Cenen: OK. So I think it is key, the formation of the Migrant Rights Network, I think it’s quite crucial in terms of building a national movement of migrants, because it’s not just migrant workers. There are refugees, there are undocumented and even people who are not even migrant workers, but just migrants because they’re not working. So, I think creating that network is really empowering for us who are activists, who are sort of isolated, especially here in Vancouver, which is very far from Ottawa, you know.
And, so, it’s really empowering too, And so with regards to the pandemic, I think, you know, when people are actually, like, honking for the essential workers, doing all this thank-yous and all that stuff. I felt like, OK, that’s enough of thank-yous. Let’s give them the support, let’s give them the money that they could enjoy, even if they couldn’t enjoy it, because they’re supposed to be working. They are, they’re out there risking their lives, and all that.
And I think that it is crucial for the government and the society to understand that, although they are doing this because this is their work and this is their passion, they really need support, you know. Like not just support to safeguard themselves against the disease, but also financial support because their family is probably not working. Or she probably is the only one who’s working, and she’s doing overtime work, you know, things like that.
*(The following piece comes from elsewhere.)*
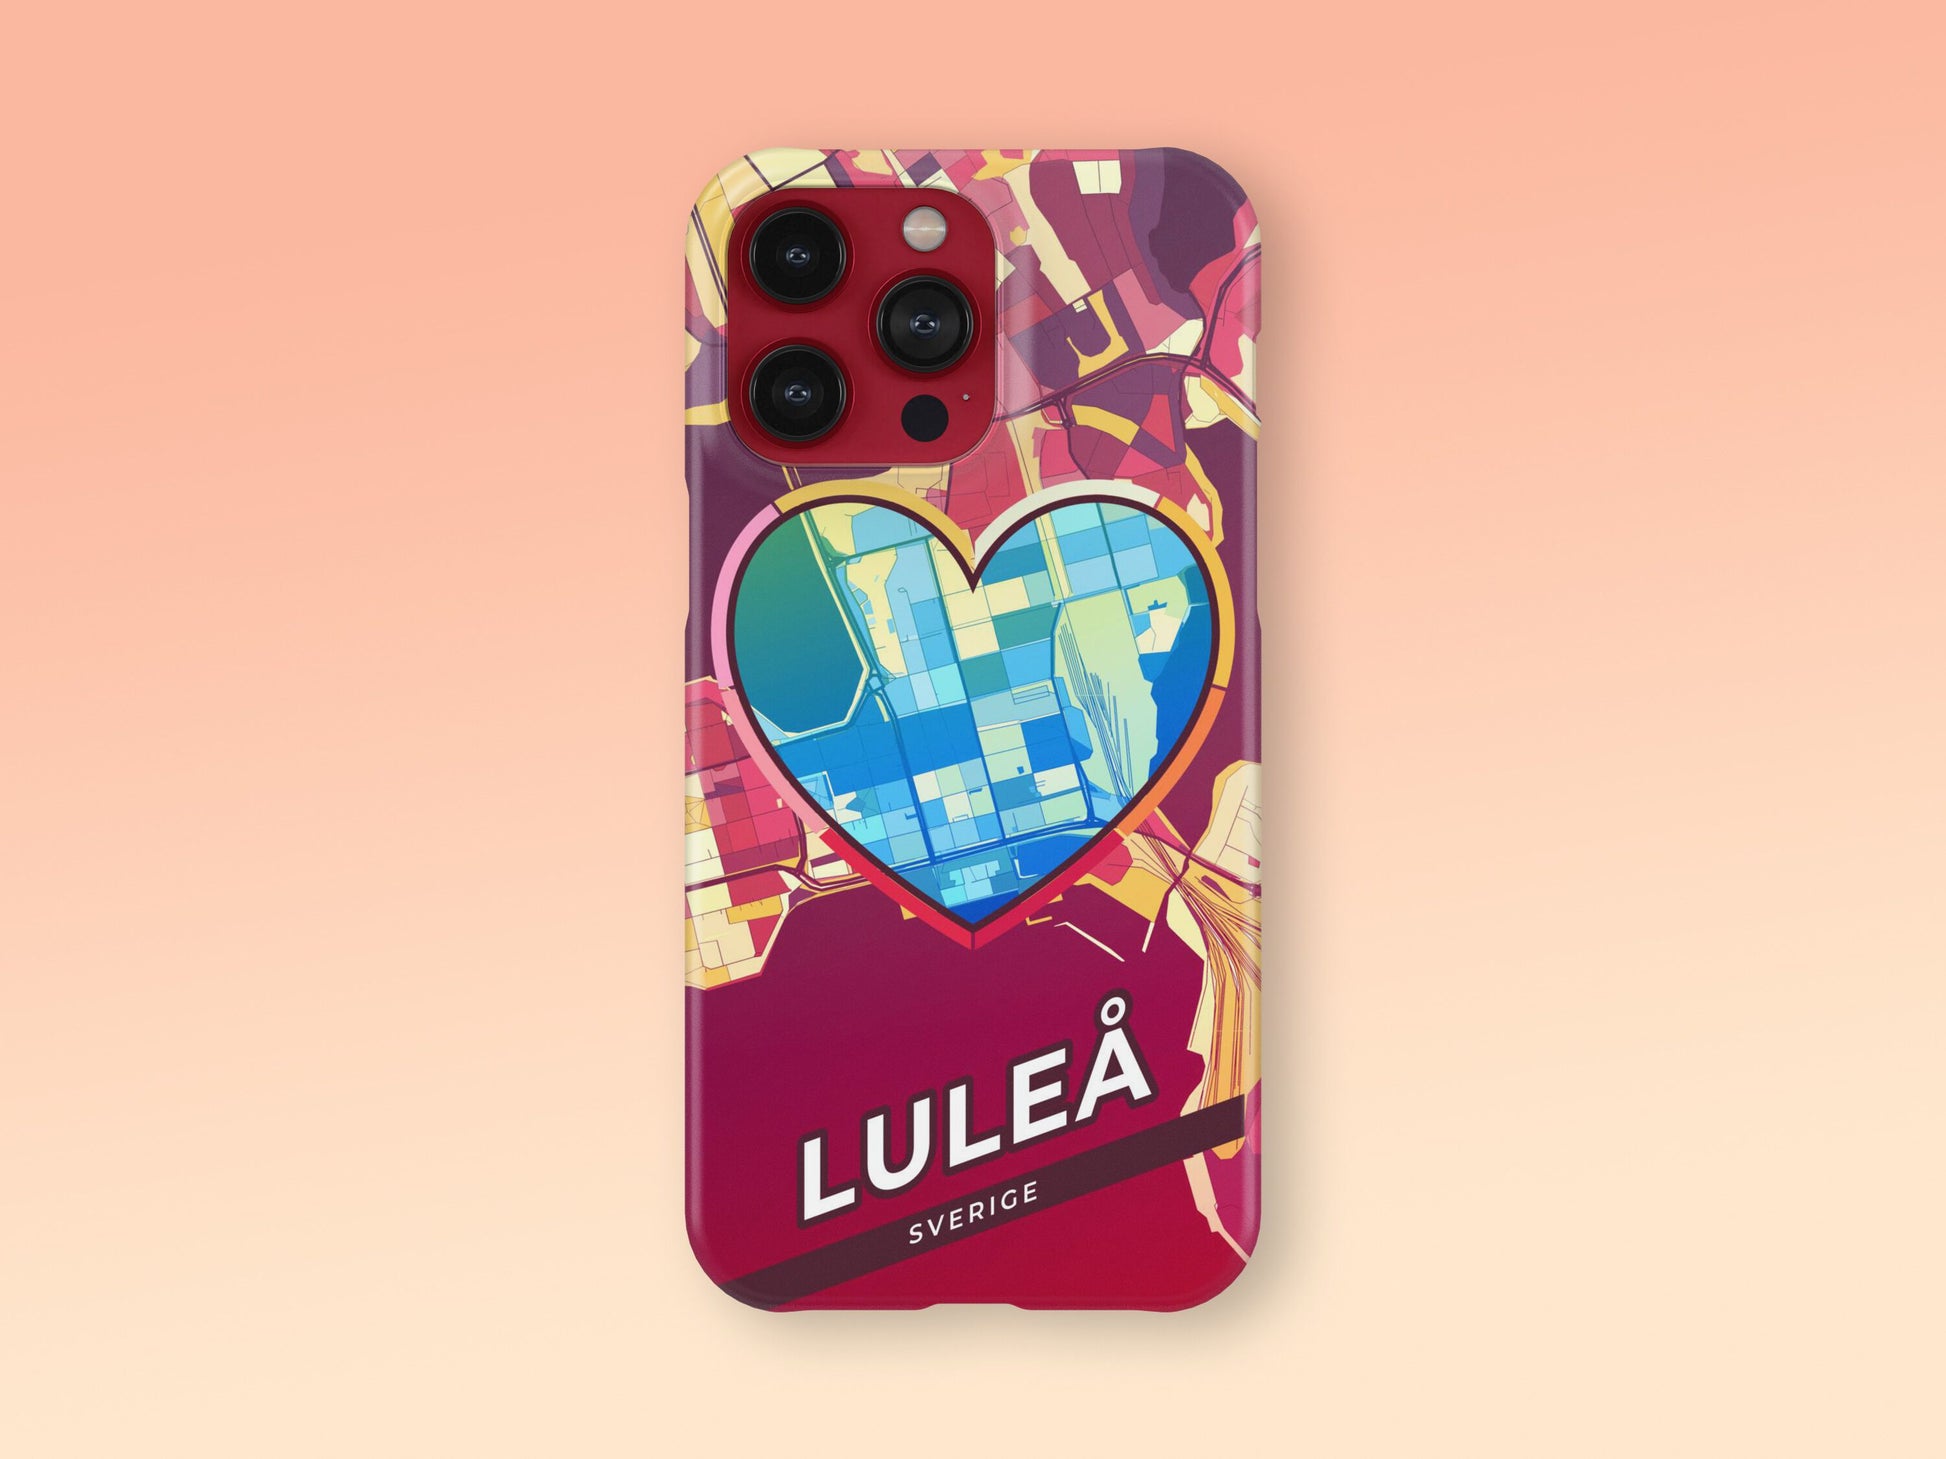 Luleå Sweden slim phone case with colorful icon. Birthday, wedding or housewarming gift. Couple match cases. 2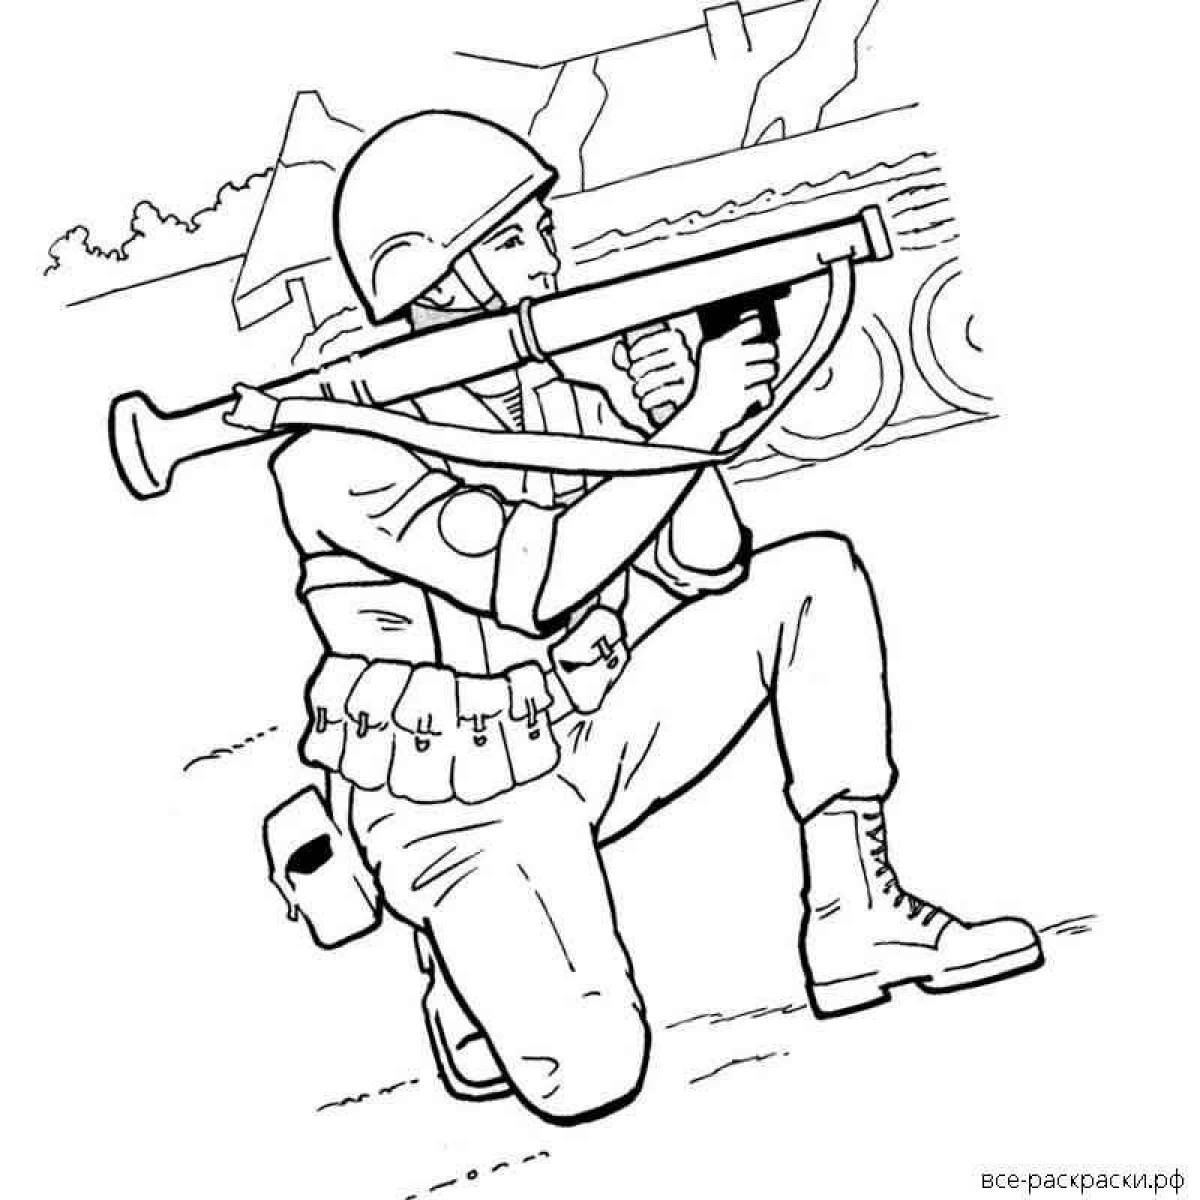 Fearless soldiers coloring pages

So, I think that whatever the essential workers are doing, they should be compensated, they should be protected in terms of their employment conditions, in terms of their own health and welfare. So, yeah, I think the movement for Status for All, especially for those migrants who are here and who have been struggling, even before the pandemic, should be compensated. They should have the status that is in fact theirs. It’s, it is justice, it is justice, to give them permanent residency because what they’re doing are permanent. So, the farm workers, the care workers and other kinds of work, construction, you know, and all those. Those are important work and those are permanent work.
So they should really become permanent residents. All of migrants who are here right now in this country should really become permanent residents, you know, and those who are newly coming in who are migrants should come in as permanent residents. I think when we talk about, what do you call this – oh god, I forgot the word – the Live-in Caregiver Program – pathways.
These pathways have been proven to really cause, what do you call? Really cause the hardship, the hardship for these workers. These pathways are not what they call good because they’re being given a chance to become permanent residents. No, it is really giving them all kinds of problems: isolation, being far from their family and all those problems that have been experienced by those care workers who probably are now permanent residents or citizens.
But they had to go through hoops and bounds, you know, like, to get into that situation. Why do they have to? Why do they have to, when their work, as I said, and they’ve been saying now, [is] essential and permanent. And I think no more, no more of this LCPs, no more of this. They just have to come here as permanent, you know. No pathways. Pathways are really bad for workers.
Franca: Thank you. And, you know, with domestic workers, historically: all those other domestic workers who came before the 70s, they all came as permanent immigrants, right. They had landed status when they came, right. So, it’s a system that is oppressive. And I want to really thank you for the tremendous work and activism you have been doing, and also for sharing some of this with me. So thank you very much.